La mia prima Haute Route

Fare questa traversata costituisce un’esperienza indimenticabile che tutti gli scialpinisti dovrebbero provare! Se il meteo e’ dalla vostra parte, come lo e’ stato dalla nostra, la più famosa delle haute route scialpinistiche delle alpi, il viaggiare con gli sci fra il Monte Bianco ed il Grand Combin, non può deludere neppure il più navigato degli scialpinisti, e si trasforma inconsapevolmente in un cumulo di sensazioni difficili da scrivere sulla carta. Ma ci proviamo lo stesso, anche perchè se non lo faccio, Nicolò non sgancia il CD con le foto, che a dir suo sono superbe!!

Lo zaino e’ subito pronto, la lista dei materiali per 6 giorni e’ quella di sempre, come per le gite su ghiacciaio di un giorno più un eventuale cambio, just in case uno puzzasse più del previsto. Meglio. Lo zaino è già pesante di suo, immancabili poi i 6 cheerpacks, 1/die, di enervitene che metabolicamente e psicologicamente aiutano a superare quasi qualunque difficoltà si presenti. Bene, anzi, MOLTO BENE! Si parte, e si conoscono i compagni di viaggio, ops, il compagno di avventura, oltre a Nicolò c’e’ solo Tony, arzillo cinquantenne, e gli altri? Nessun altro e’ riuscito a ritagliarsi 4 giorni di ferie da trascorrere fra fatica e soddisfazione di salire e scendere da colli innevati? Peggio per loro! Noi partiamo e facciamo il solito giochetto di lasciare macchine un po’ ovunque in giro per la Svizzera/Francia.

G1: Argentiere – Cabane du Trient Prima salita, in funivia! E prima discesa, che spettacolo! il Bianco ci guarda le spalle e in men che non si dica, dopo un tot di piegamenti e distensioni, stiamo attraversando un mare piatto, bianco, il Glacier d’Argentiere.

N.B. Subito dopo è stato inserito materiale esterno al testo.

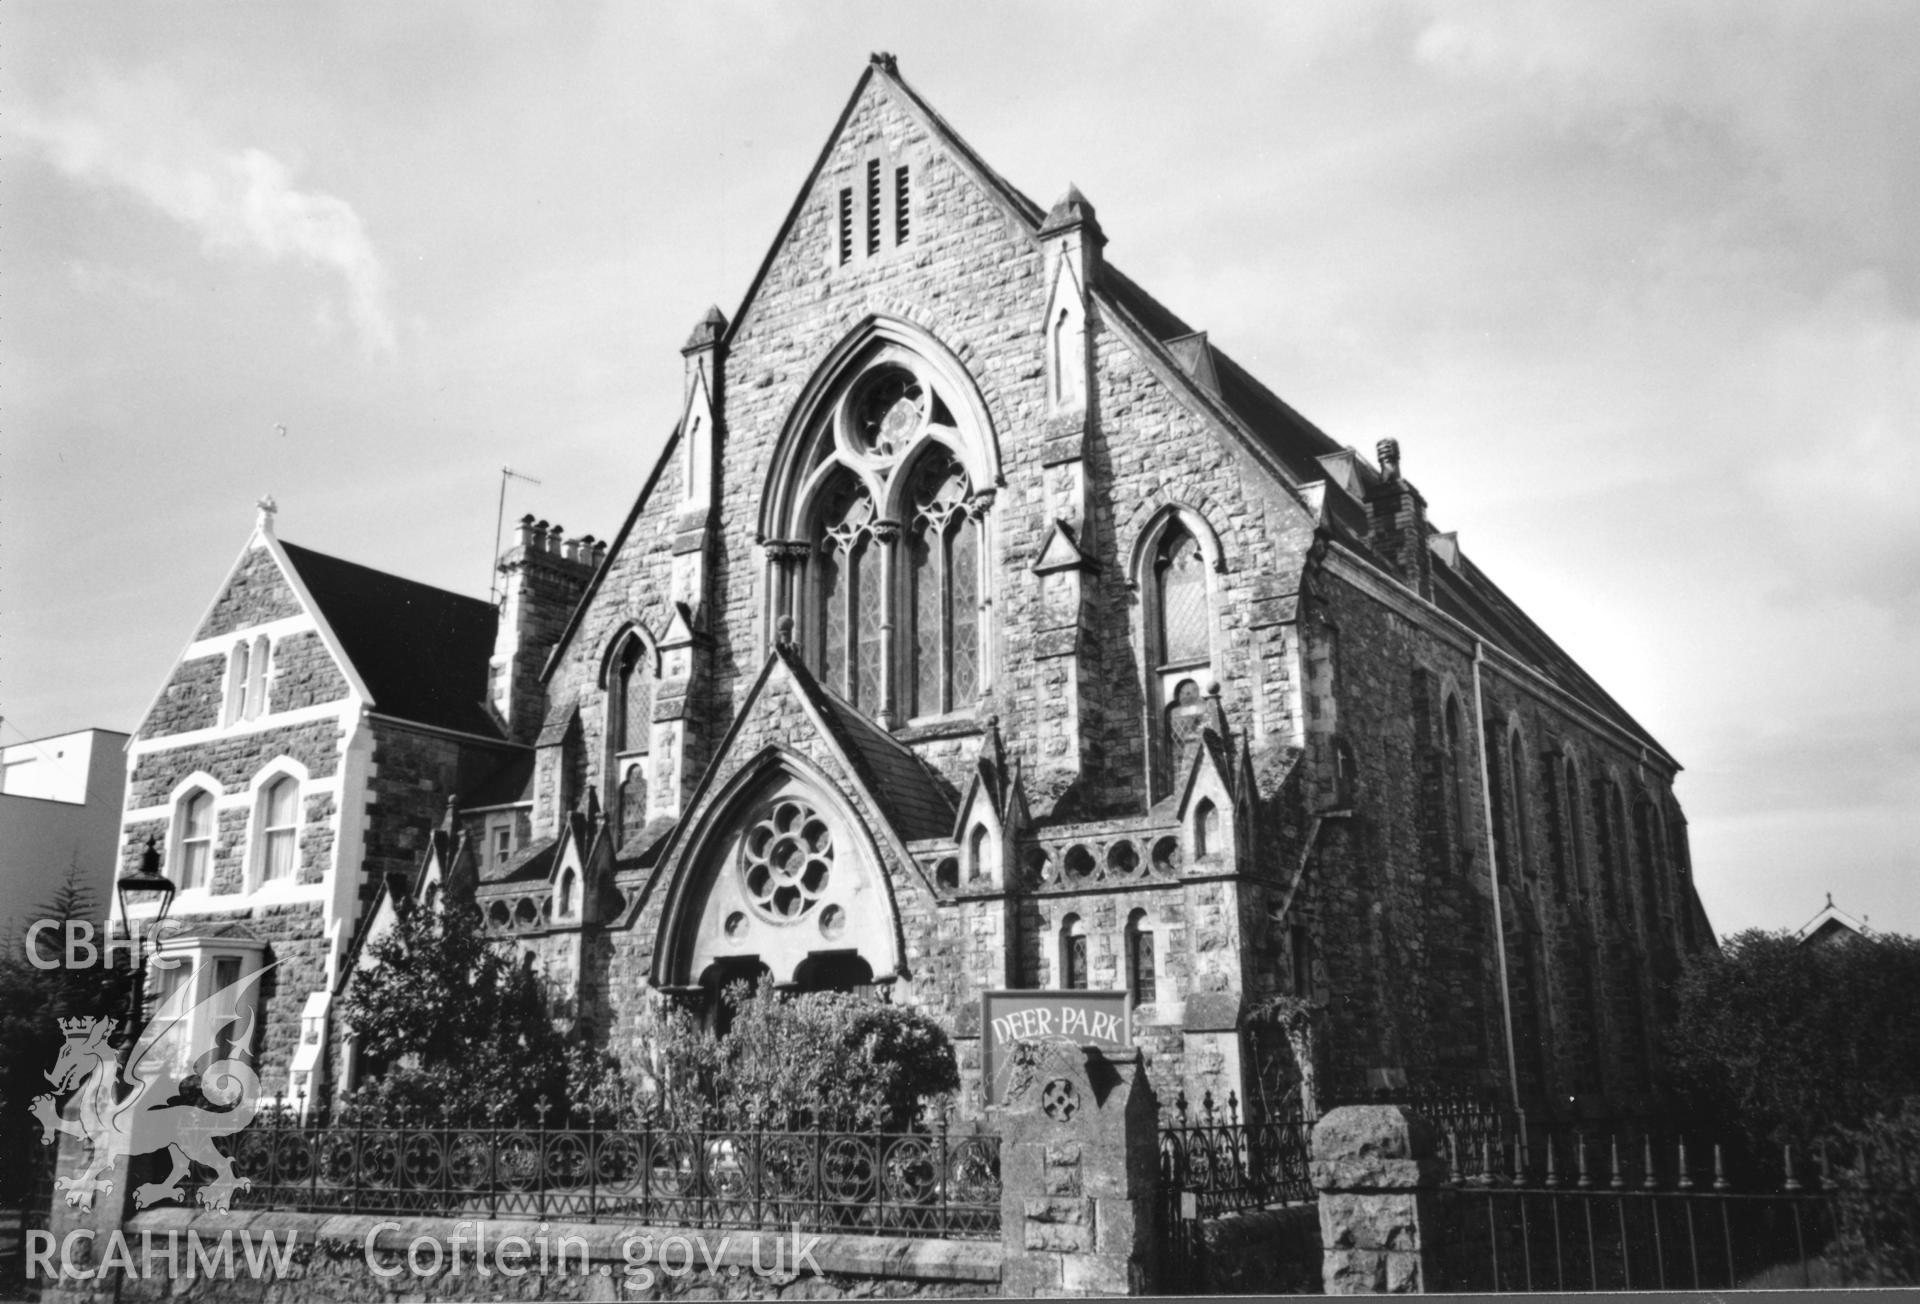 Digital copy of a black and white photograph showing exterior view of Deer Park English Baptist Chapel, Tenby,  taken by Robert Scourfield, 1996.

La salita al Col Chardonnet mi riporta alla realtà delle infilate di punta, ma anche in cima al primo dei tanti colli da dove ramponi ai piedi e sci in spalla ci si cala senza problemi, grazie ai 60 metri di corda che Nicolò si sta portando appresso e suvvia Nicolò portare un chiletto di corda in più (60 m invece di 30 m) ne e’ valsa veramente la pena!! Si continua a scendere, stavolta sci ai piedi, ma per poco, rimesse le pelli si sale alla Fenetre de Saleina, e dove il pendio si fa troppo ripido, gli sci passano da sotto i piedi sulle spalle. Faremo cosi tante volte questi movimenti che diventeremo bravissimi e velocissimi nei cambi pelli ON/OFF ramponi ON/OFF sci ai piedi/sci in spalla, provare per credere! Il cielo così blu, il Plateau du Trient così bianco, calmo, immobile ed immenso mi fanno stare bene, e rimesse le pelli risaliamo gli ultimi metri che ci separano dalla prima cena svizzera. Insalata con verdura fresca e noci. Pasta, piccante ma buona. Purea di mele.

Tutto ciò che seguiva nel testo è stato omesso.